Alternative Treatment: [top]

See Asthma: Inhaled Steroids and Asthma: Short-acting Beta Agonists.

Pregnancy and Breast-feeding Warnings [top]

Pregnancy Warning

Fluticasone and salmeterol caused fetal harm in animal studies, including delayed bone formation, malformations, and fetal death. Because of the potential for serious adverse effects to the fetus, this drug should not be used by pregnant women.

Breast-feeding Warning

Fluticasone is excreted in animal milk, and it is likely that this occurs in humans. Although fluticasone was not tested, other corticosteroids have been detected in human milk. Because of the potential for serious adverse effects in nursing infants, you should not take fluticasone and salmeterol while nursing.

Safety Warnings For This Drug: [top]

FDA Black Box Warning

Long-acting beta2-adrenergic agonists, such as salmeterol, one of the active ingredients in ADVAIR DISKUS, may increase the risk of asthma-related death. Therefore, when treating patients with asthma, physicians should only prescribe ADVAIR DISKUS for patients not adequately controlled on other asthma-controller medications (e.g., low- to medium-dose inhaled corticosteroids) or whose disease severity clearly warrants initiation of treatment with 2 maintenance therapies. Data from a large placebo-controlled US study that compared the safety of salmeterol (SEREVENT® Inhalation Aerosol) or placebo added to usual asthma therapy showed an increase in asthma-related deaths in patients receiving salmeterol (13 deaths out of 13,176 patients treated for 28 weeks on salmeterol versus 3 deaths out of 13,179 patients on placebo).1

Do not stop any asthma medication without first consulting your physician. Abruptly stopping a medication may result in acutely deteriorating asthma control.

Additional Precautions for Asthma

Avoid exposure to things that trigger your allergies or asthma, such as animals, bedding, chemicals, cosmetics, drugs, dust, mold, foods, pollens, or smoke. Wearing a mask reduces inhalation of drugs, pollens, and smoke.

Aspirin can trigger asthma in people who are aspirin-allergic, as can beta-blockers. Infections aggravate lung problems. During epidemics of respiratory illnesses, avoid crowded places and wash your hands frequently to help prevent infection. If you have asthma, get a flu vaccination.

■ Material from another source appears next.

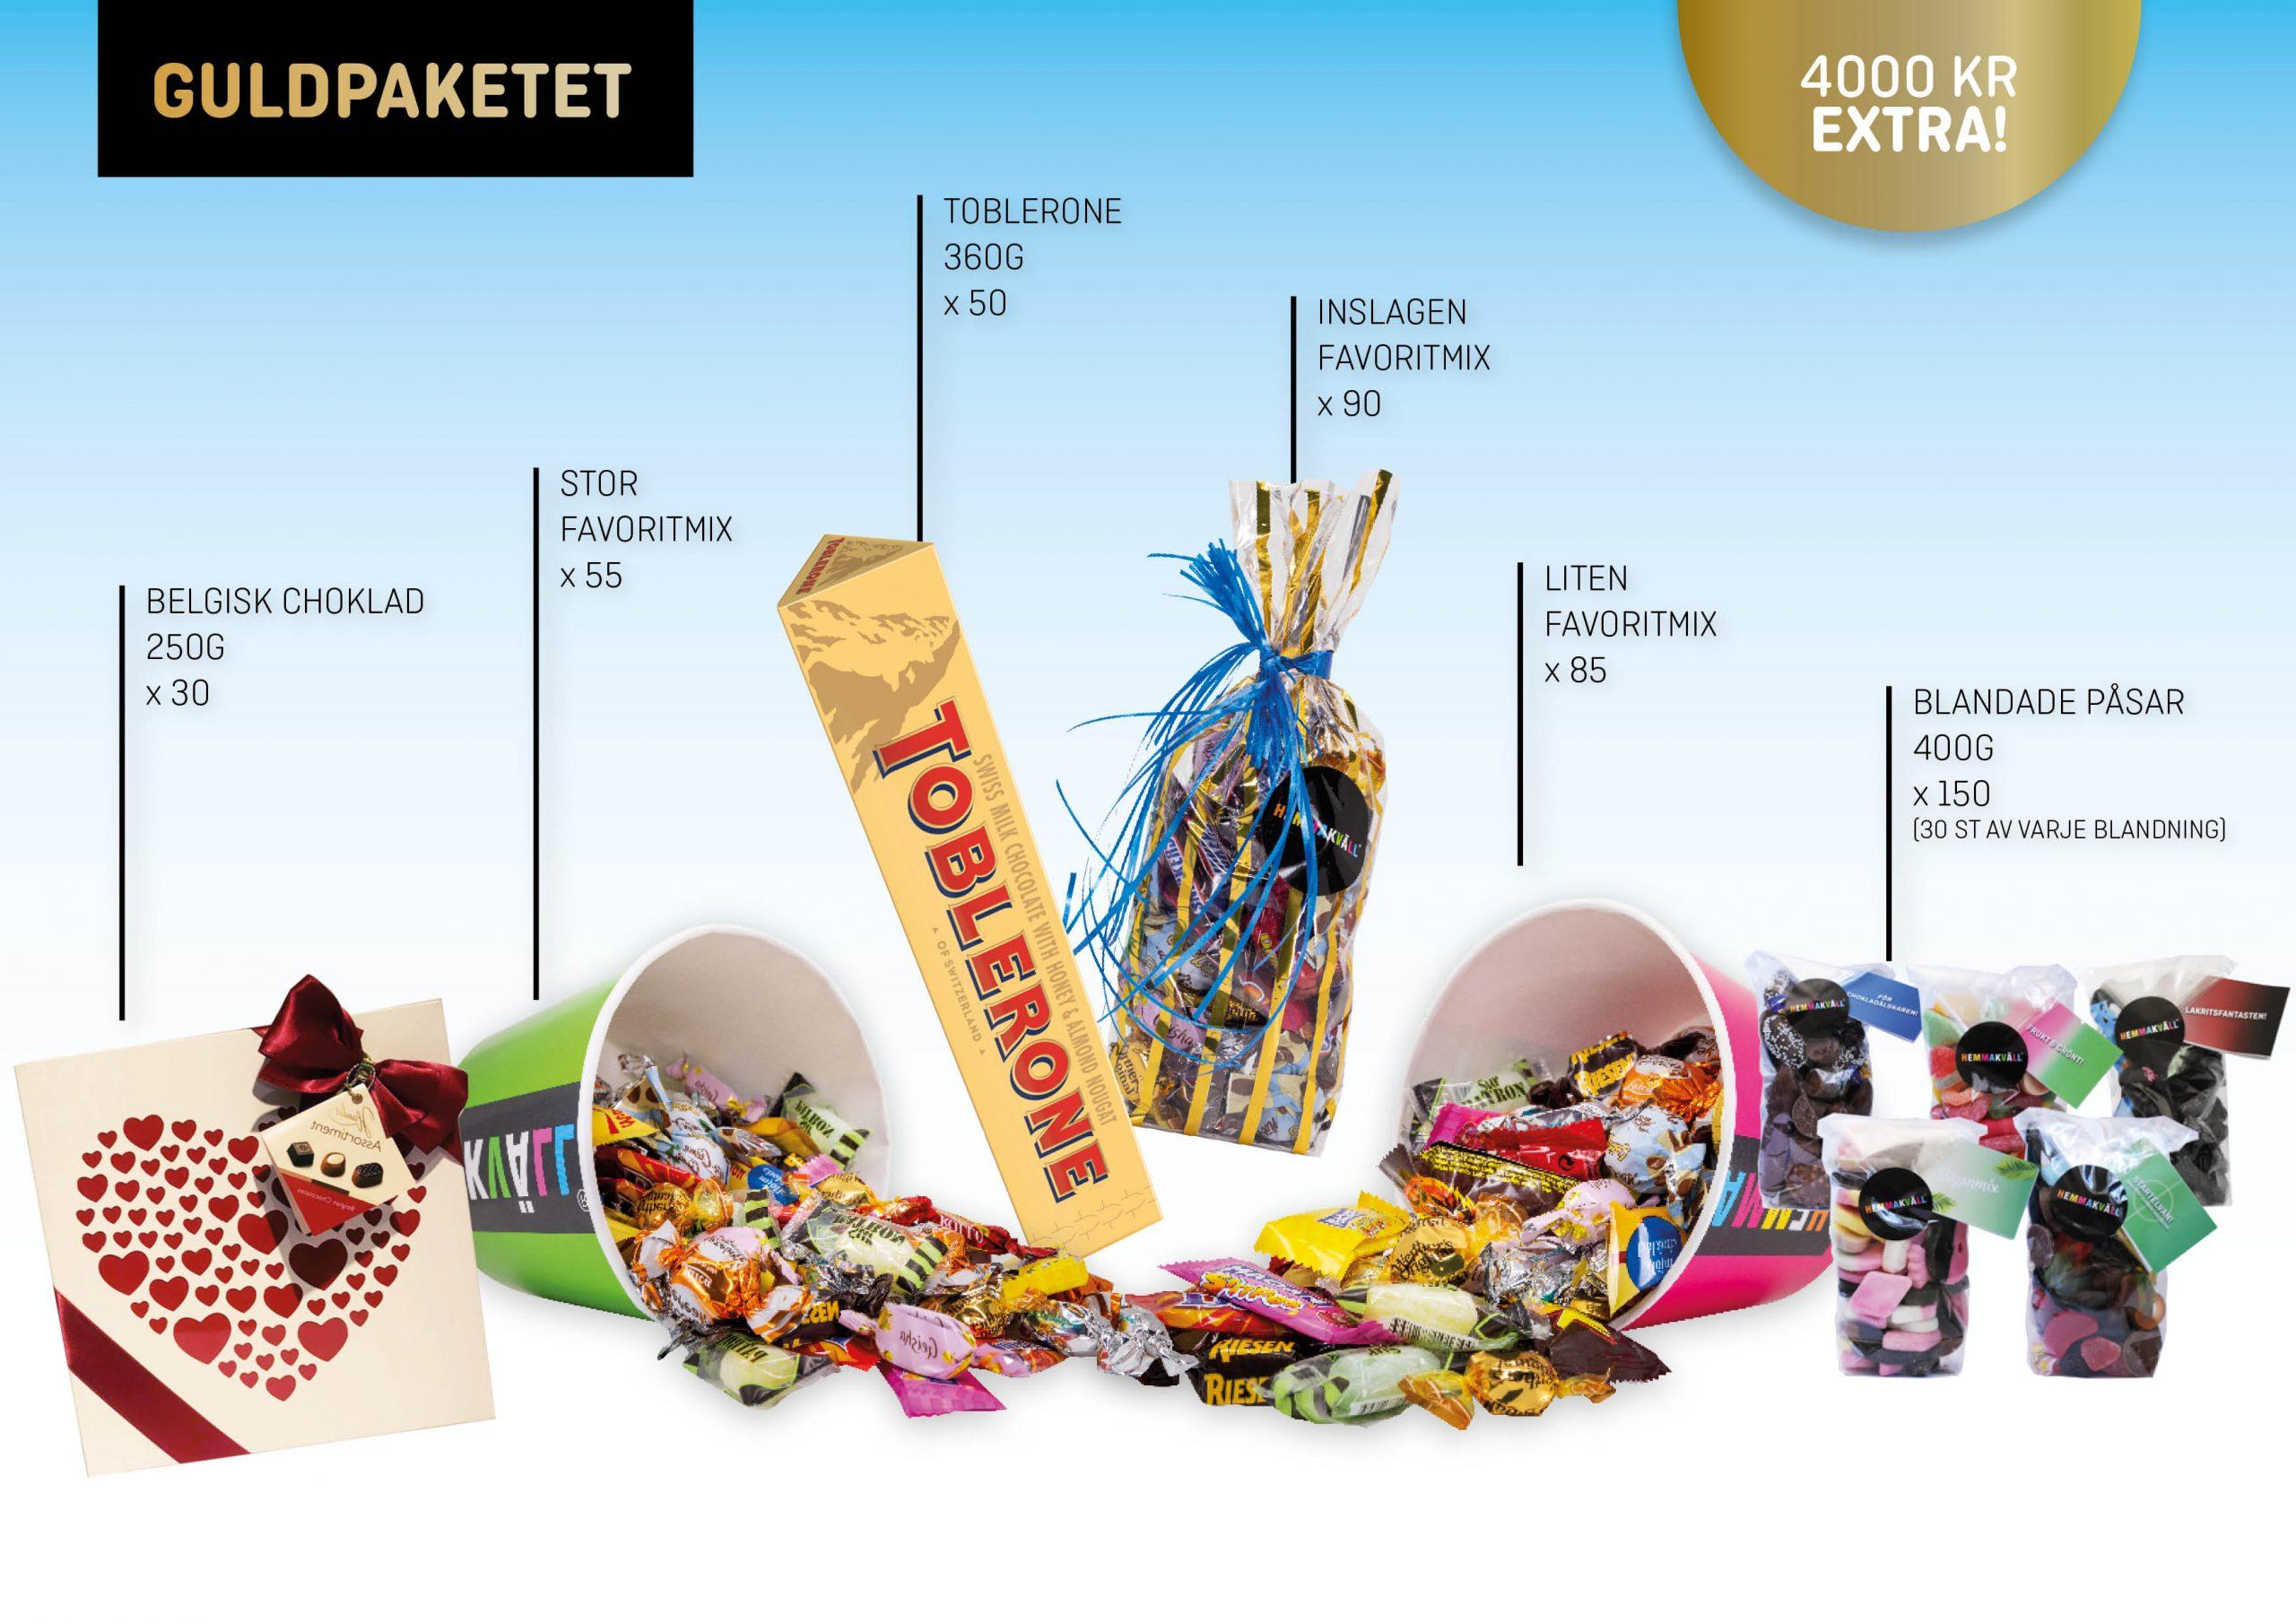 Guldpaket 2.0 NY0620

Note: The information in this profile addresses the care of asthma that is not serious enough to need emergency treatment.

Facts About This Drug: [top]

Fluticasone and salmeterol inhalation powders (ADVAIR DISKUS) combines powders of a steroid called fluticasone (FLOVENT) with a long-acting beta-blocker called salmeterol (SEREVENT). The diskus is used to inhale the powders by mouth. The combination allows a lower dose of fluticasone to be used, reducing steroid exposure and its attendant dangers.2

Fluticasone and salmeterol inhalation powders are approved by the Food and Drug Administration (FDA) for the treatment of chronic obstructive pulmonary disease (COPD) associated with chronic bronchitis and for chronic asthma. However the powders are not intended for treatment of acute episodes or rapidly deteriorating asthma.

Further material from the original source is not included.